- _ACTIVITY_: All pictures are to be omitted while the lines starting at the line with "Horse back riding" and ending at the line with "Engine Cooling System Diagram Engine" in the material below are retyped exactly, both ends included.

- _DATA SUPPLIED_:
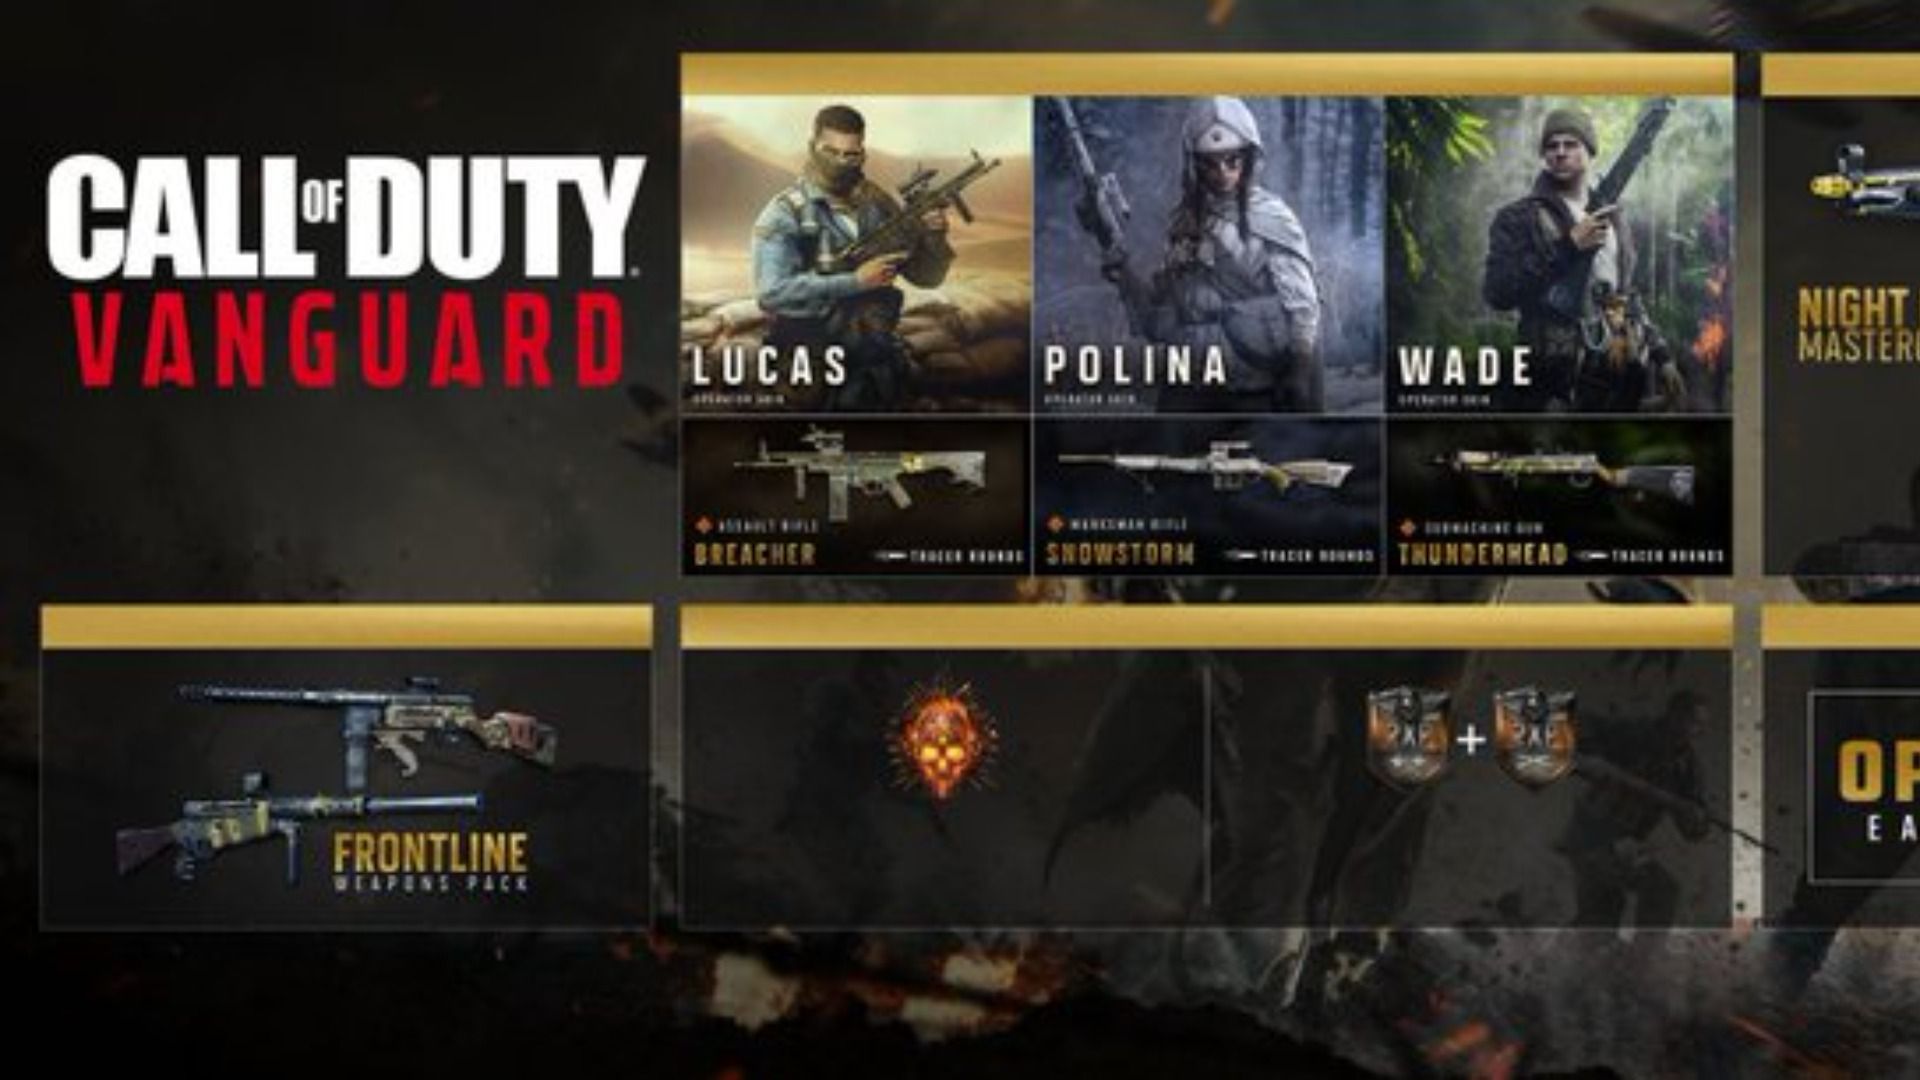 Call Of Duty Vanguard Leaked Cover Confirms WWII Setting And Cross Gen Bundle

==

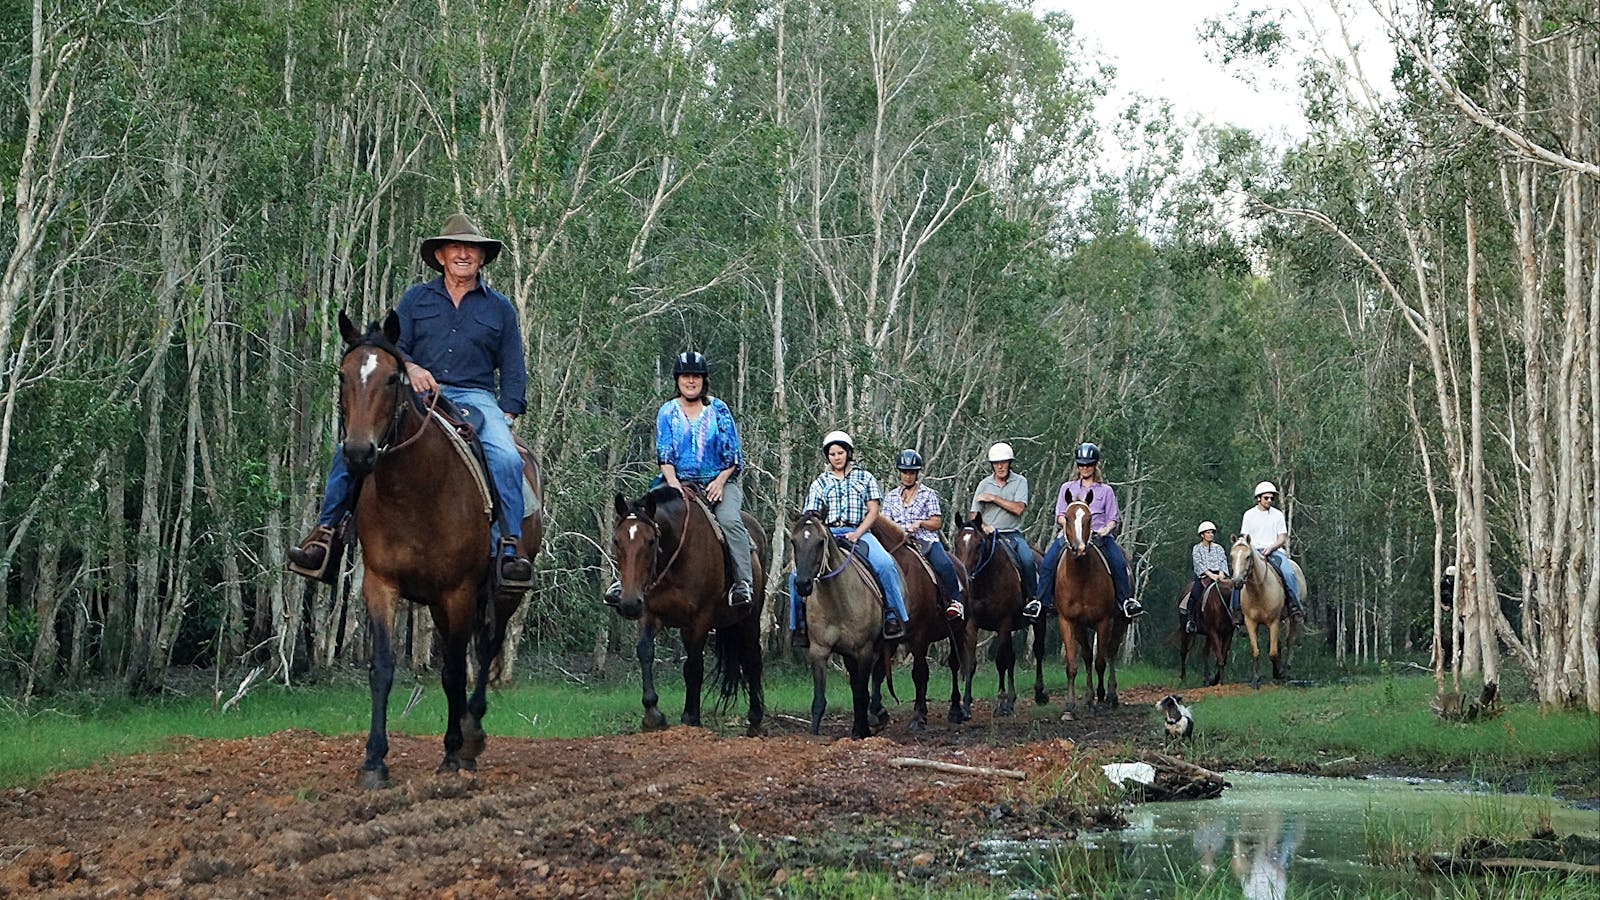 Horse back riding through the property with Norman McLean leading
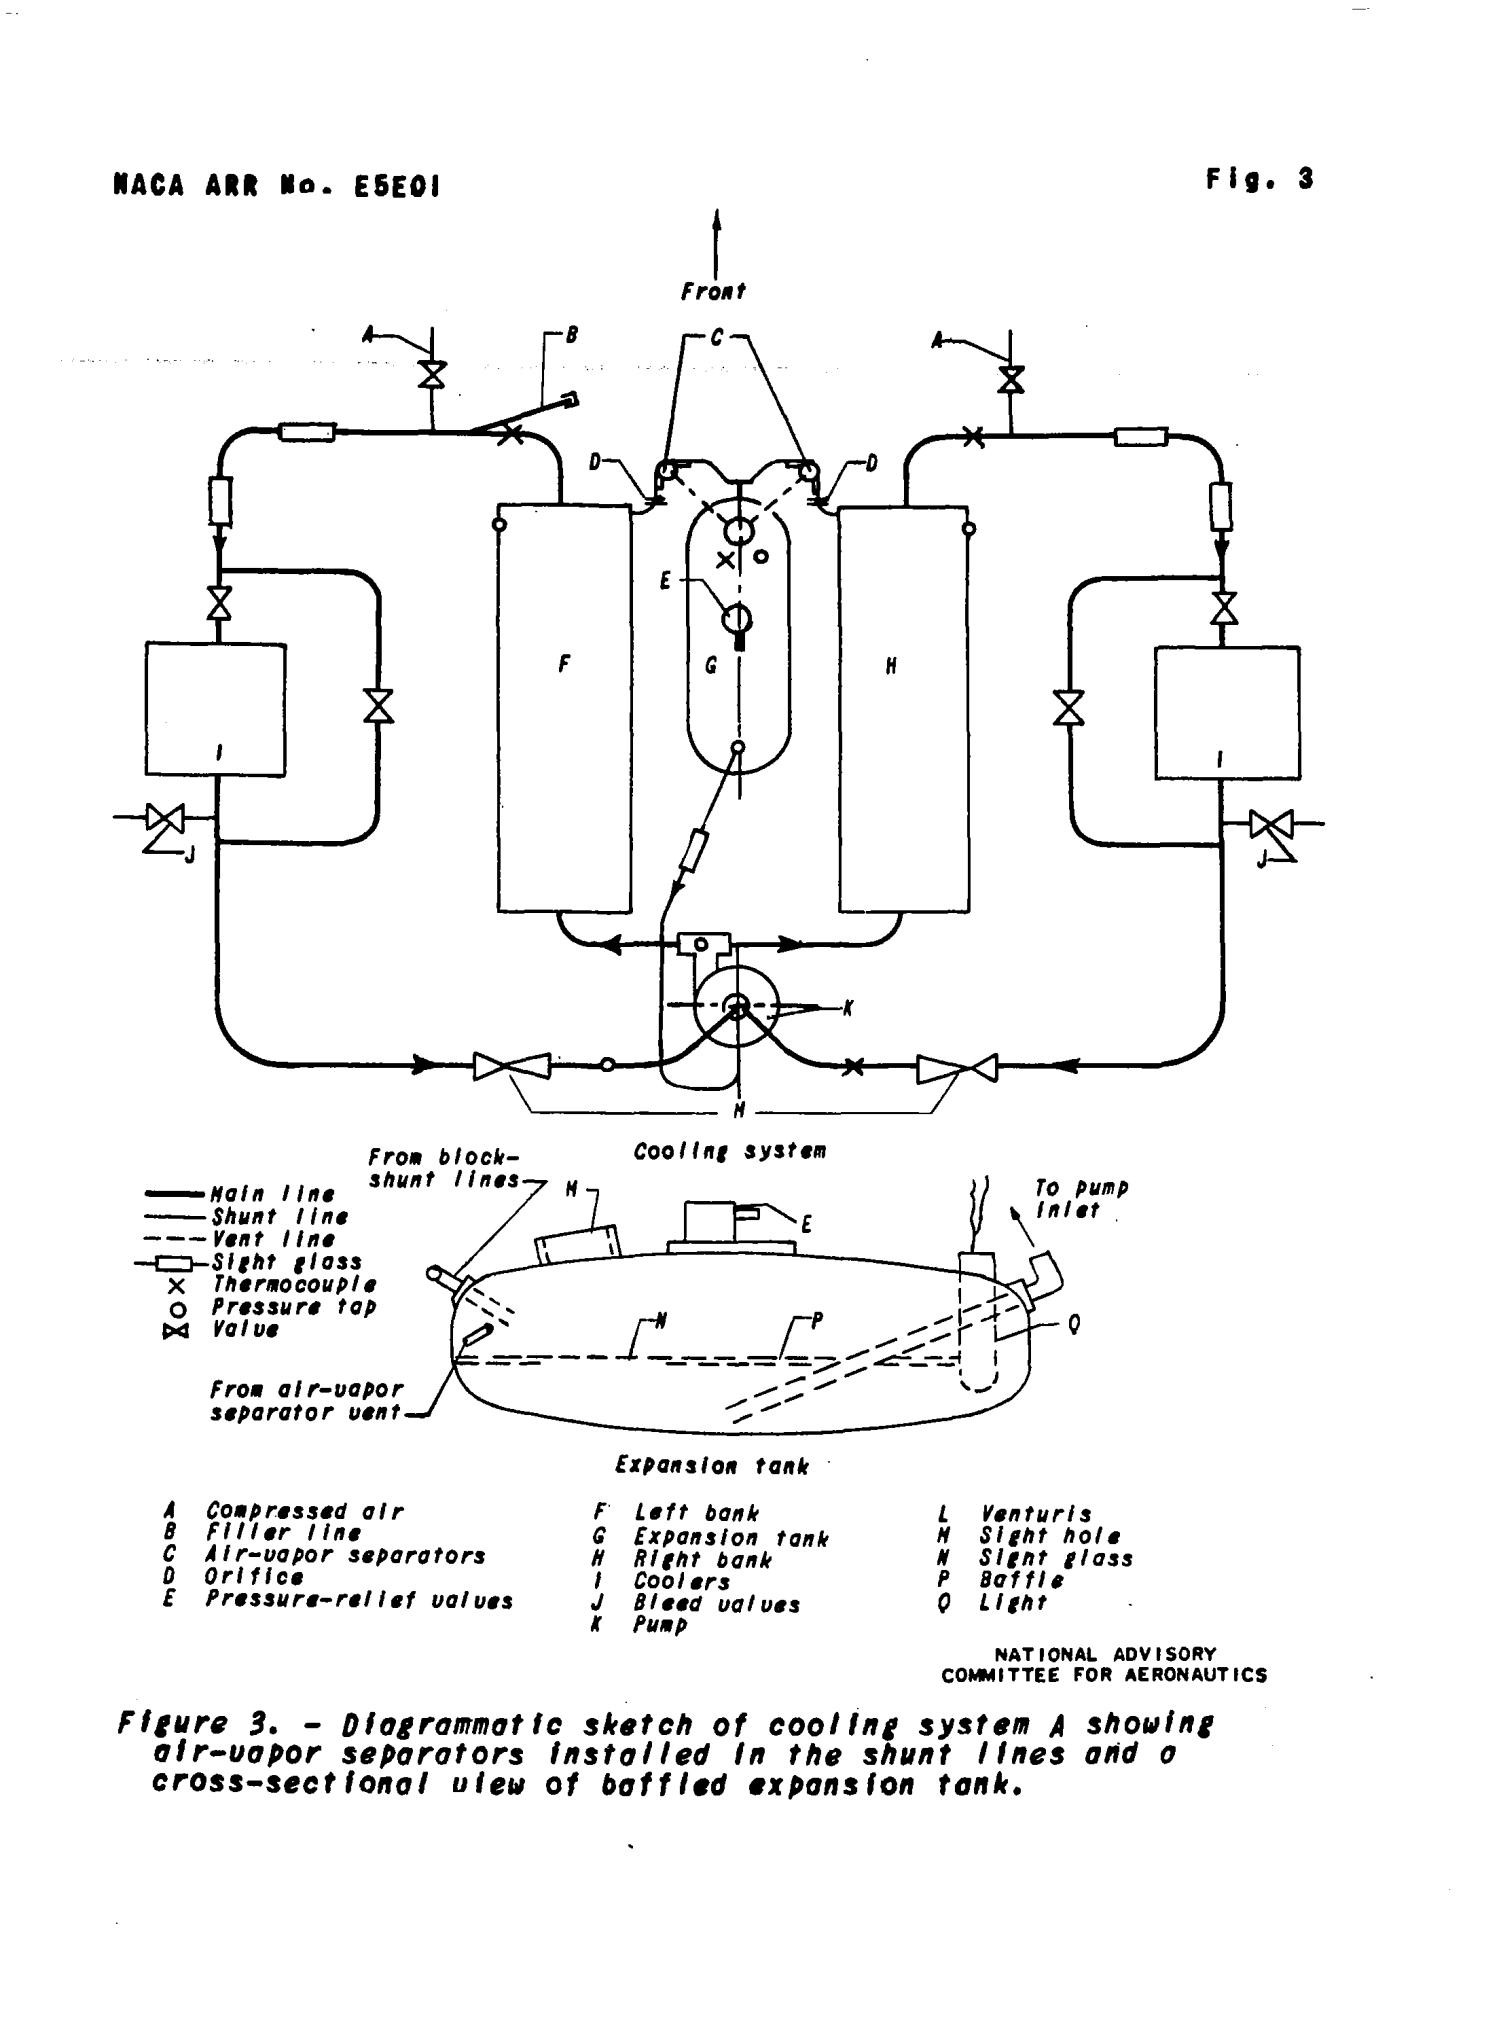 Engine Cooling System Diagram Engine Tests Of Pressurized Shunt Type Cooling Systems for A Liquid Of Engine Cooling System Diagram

- _RESPONSE_:
 Horse back riding through the property with Norman McLean leading
 Engine Cooling System Diagram Engine Tests Of Pressurized Shunt Type Cooling Systems for A Liquid Of Engine Cooling System Diagram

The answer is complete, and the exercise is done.